Authorize Berkeley to continue spending funds collected from various taxes
Voters in Berkeley have approved various taxes over the years, including taxes for park maintenance, street lighting and storm drainage service, library services, emergency medical services, fire protection and emergency response services, emergency services for severely physically disabled persons, the business license tax, the utility users tax, the sugar-sweetened beverage products tax, parking and transient occupancy taxes, and the real property transfer tax.
A state law, known as the “Gann Appropriations Limit” only allows cities to spend the amount it spent in the previous year, adjusted for changes in population and the cost of living unless voters deem otherwise.
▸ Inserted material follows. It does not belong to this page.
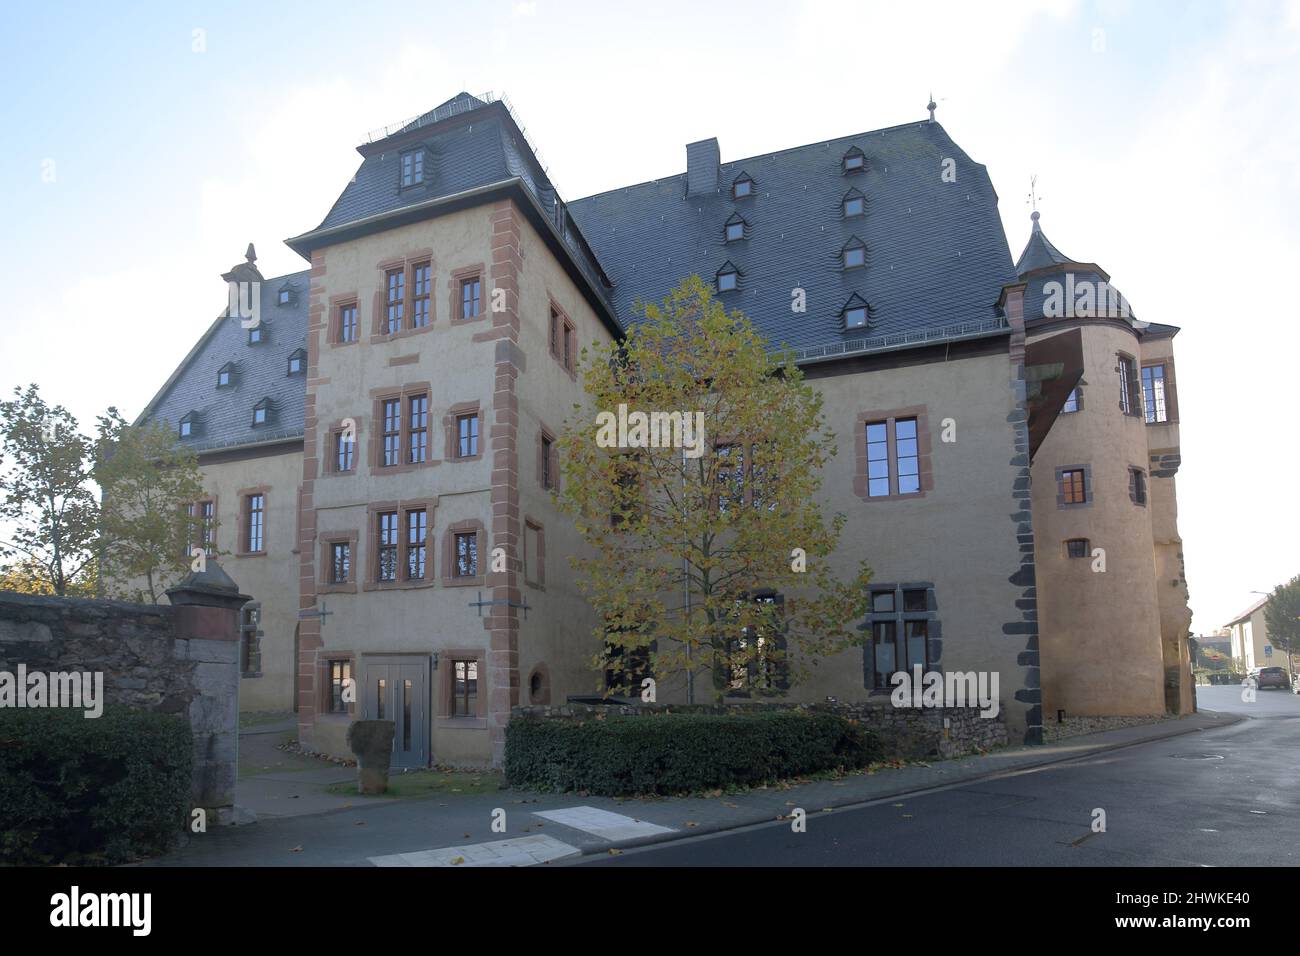 Butzbach High Resolution Stock Photography and Images - Alamy

In 2016, Berkeley voters approved the expenditure of these tax proceeds through June 30. This measure asks voters for another four-year extension. “Unless the voters do so, half of any amount collected in excess of the appropriation limit must be refunded to the taxpayers within the next two years,” according to a staff report.
A four-part measure to rescind residency requirements for firefighters, take out gendered language from the city charter and replace it with gender-neutral language; change requirements for those on the redistricting commission so they comply with state law, and add position and duties of the city attorney to the charter
Currently, sworn firefighters must live within a 40-mile radius of Berkeley; this ballot measure would rescind that requirement. It would remove 77 instances of gendered language (he, she, workman, chairman, etc.) and replace it with gender-neutral terms. This ballot measure would remove the requirement that applicants to the redistricting commission had to have voted in the last two general municipal elections. California law now prohibits this. The City Charter makes no specific reference to the role of the city attorney. This measure would delineate the role and responsibilities of that office in the charter.
Update Aug. 6: This article has been corrected to remove the statements that the city charter defines the mayoral and city council positions as part-time and a revised charter would state the positons are full-time. The charter does not speak to the issue although it has become a given in Berkeley that those officeholders are working part-time. We are trying to track down if that is written anywhere.